▸ **EXERCISE GOAL**
Please return the full listing exactly as written, with the images removed.

▸ **INFORMATION SUPPLIED**

# # # # #

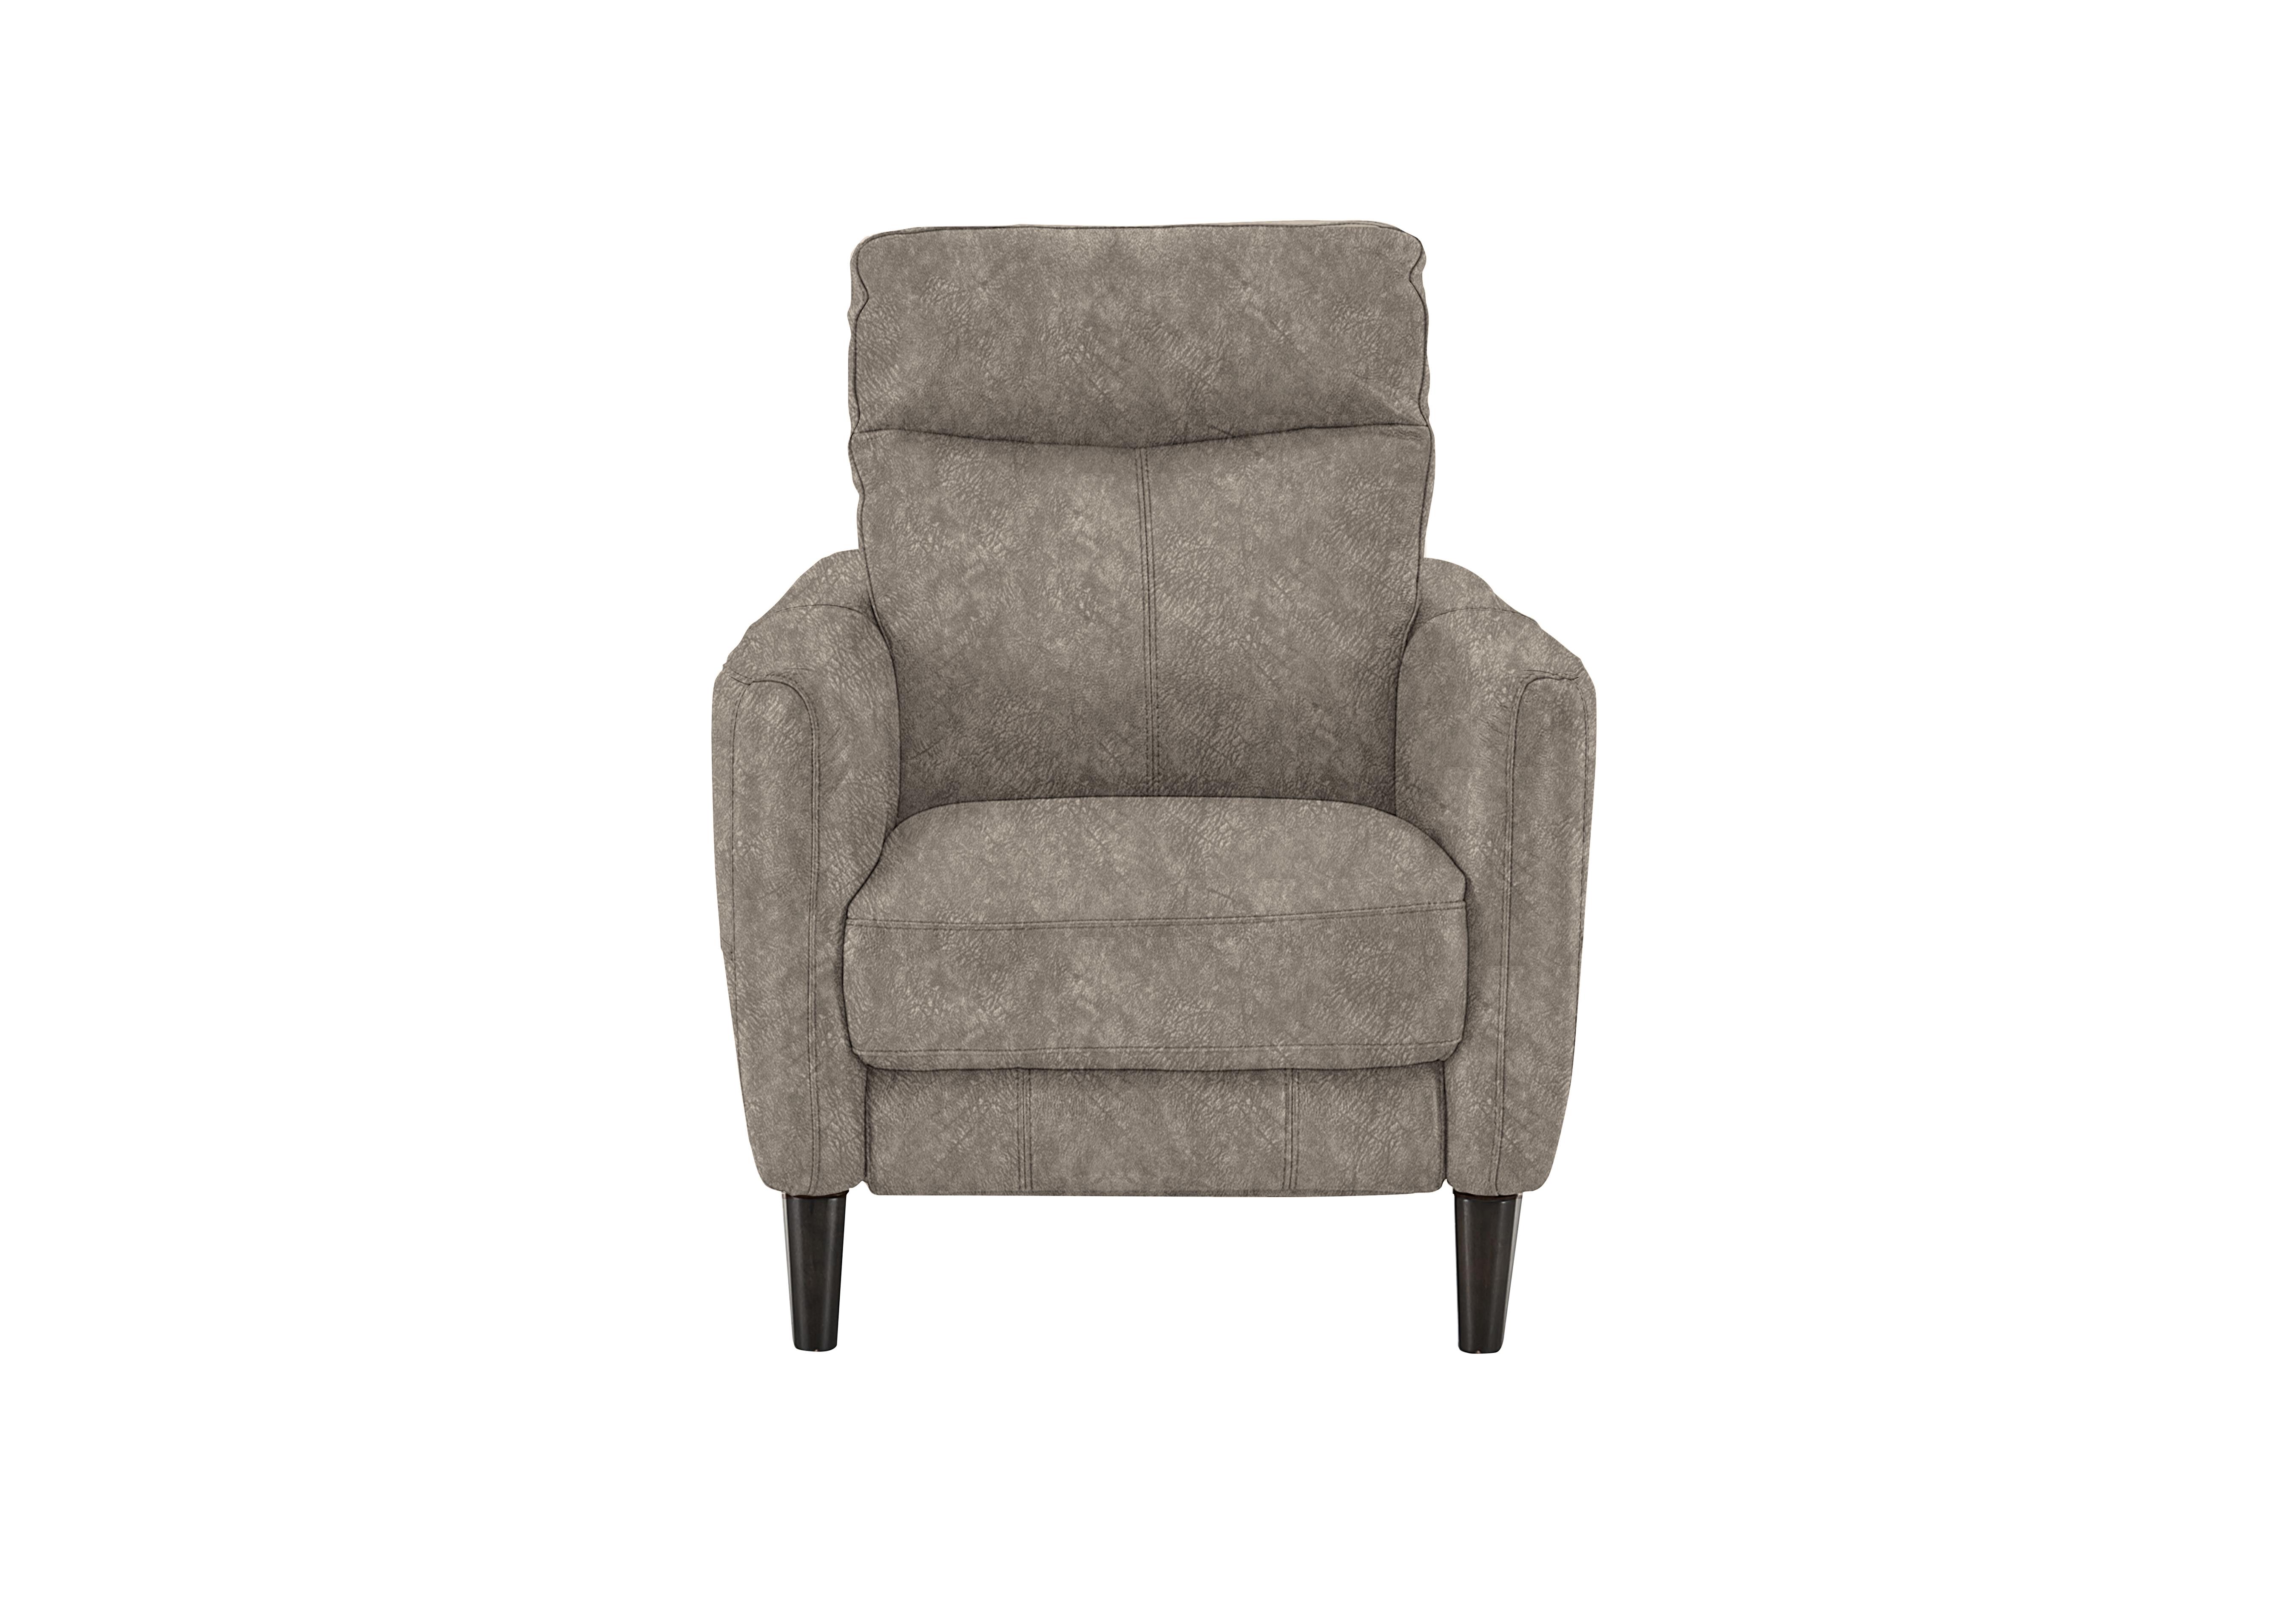 Compact Collection Petit Fabric Armchair in Bfa-Bnn-R29 Fv1 Mink on Furniture Village
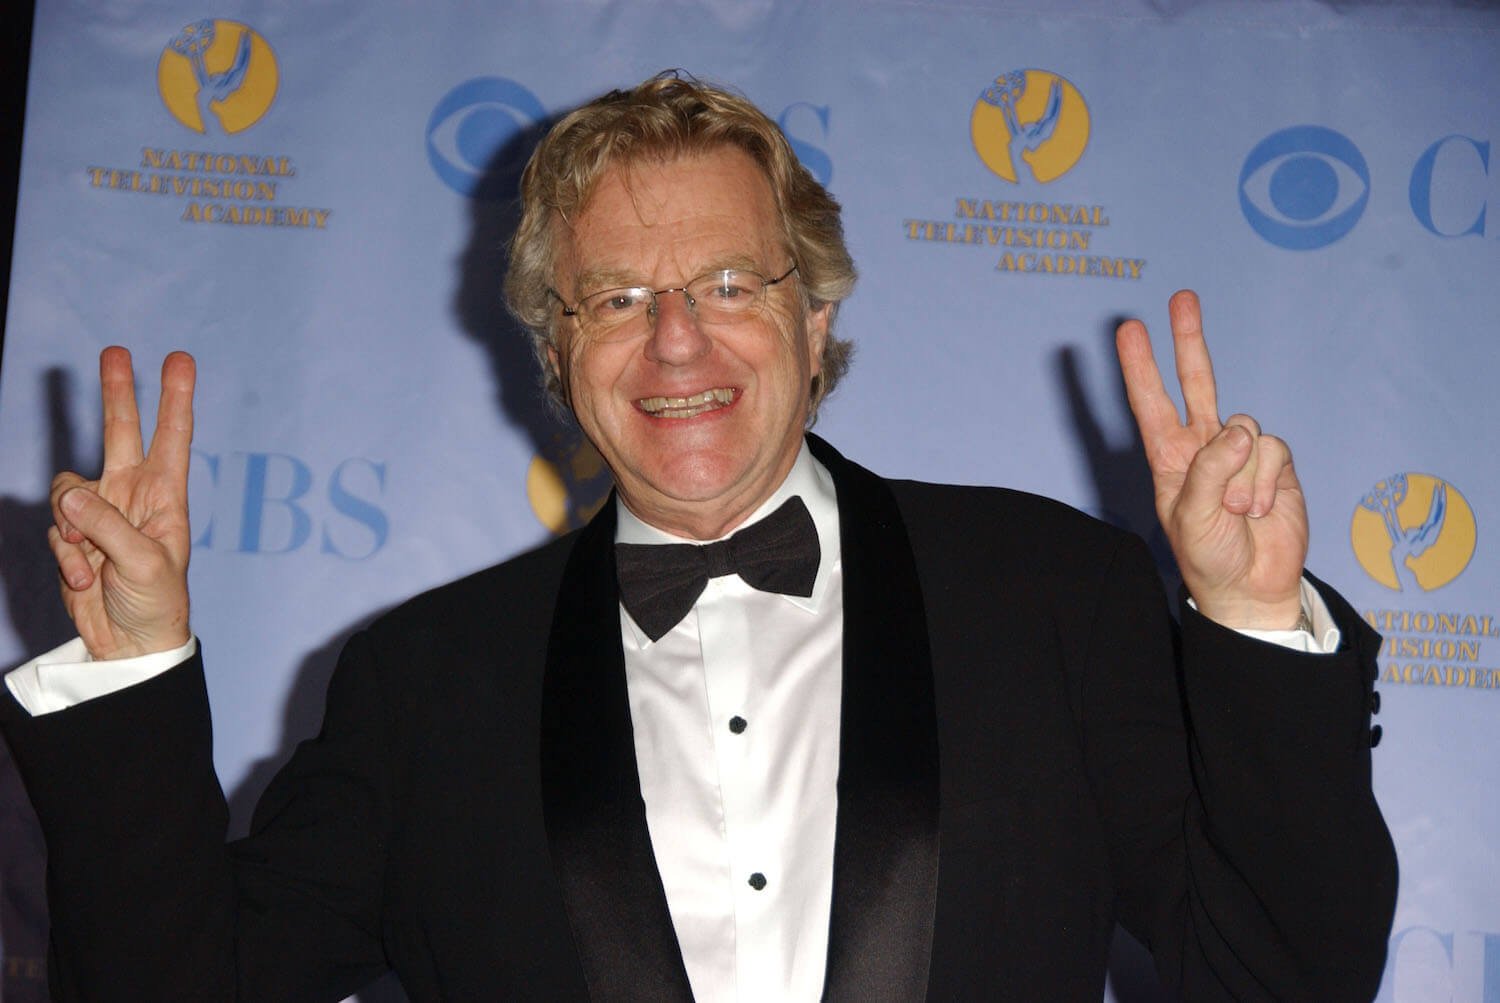 Jerry Springer holding his hands up in peace signs while wearing a suit. Jerry Springer died in 2023 with a high net worth.
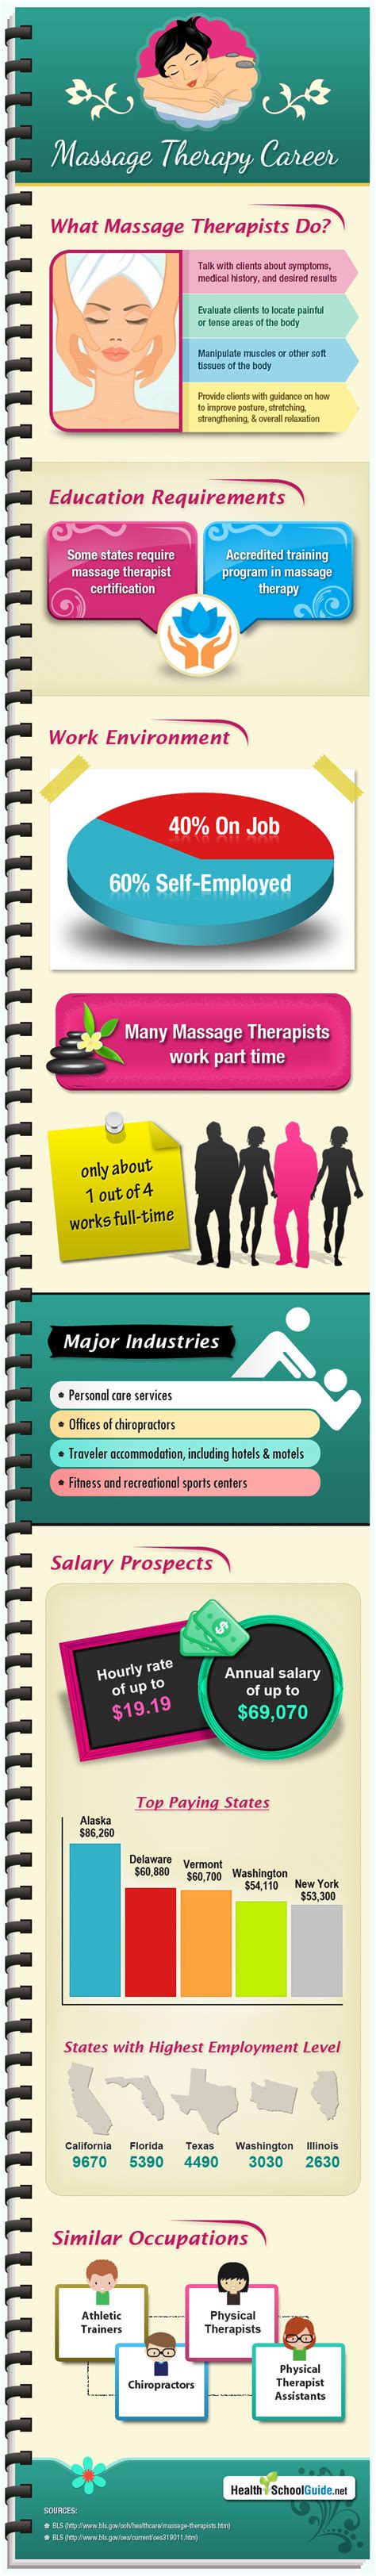 Infographic Massage Therapy Career Information And Guide
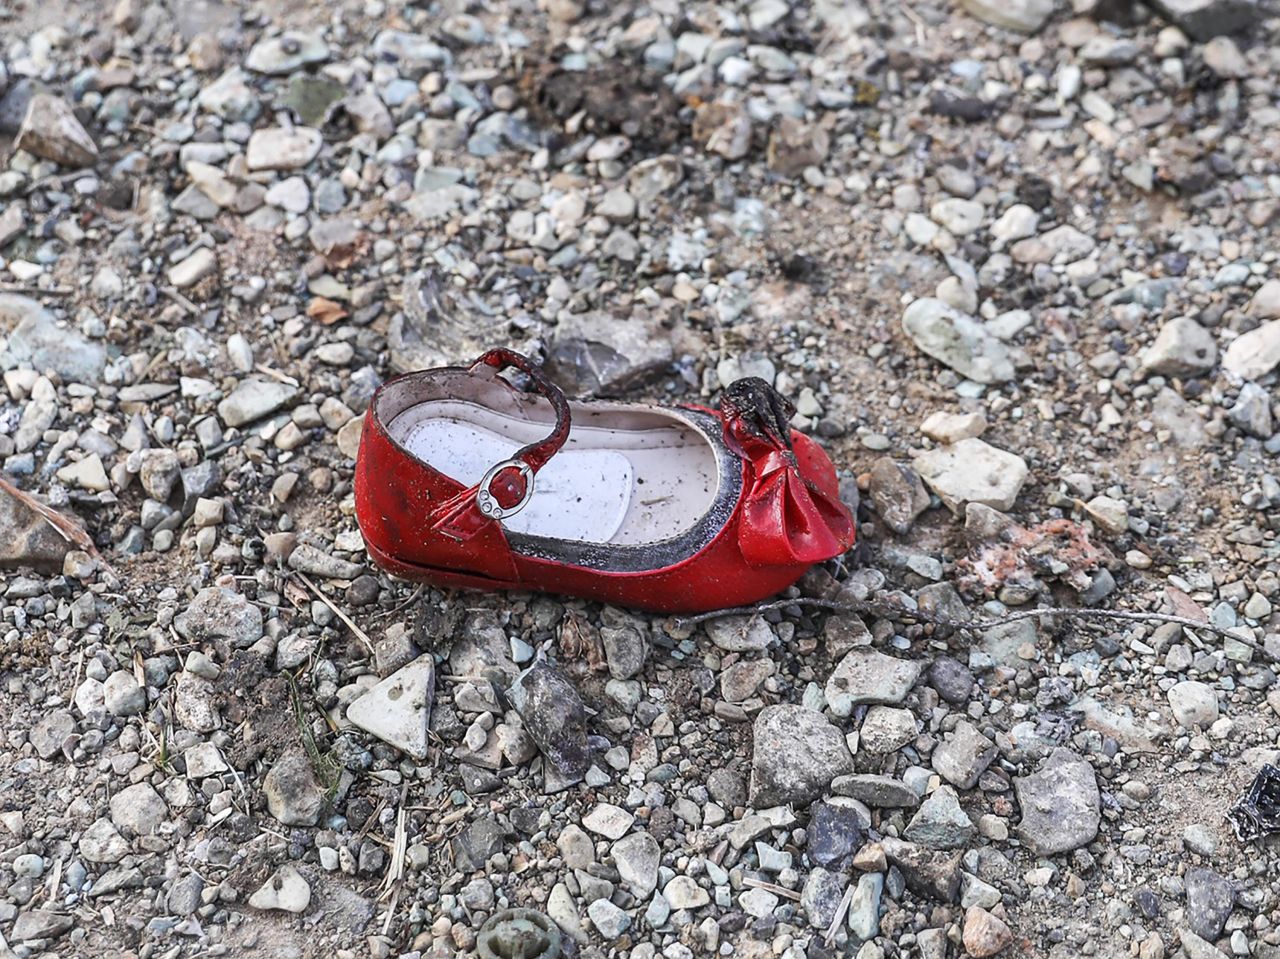 A child's shoe is pictured at the scene of the crash.

# # # # #

▸ **THE ANSWER**
 Compact Collection Petit Fabric Armchair in Bfa-Bnn-R29 Fv1 Mink on Furniture Village
 Jerry Springer holding his hands up in peace signs while wearing a suit. Jerry Springer died in 2023 with a high net worth.
 Infographic Massage Therapy Career Information And Guide
 A child's shoe is pictured at the scene of the crash.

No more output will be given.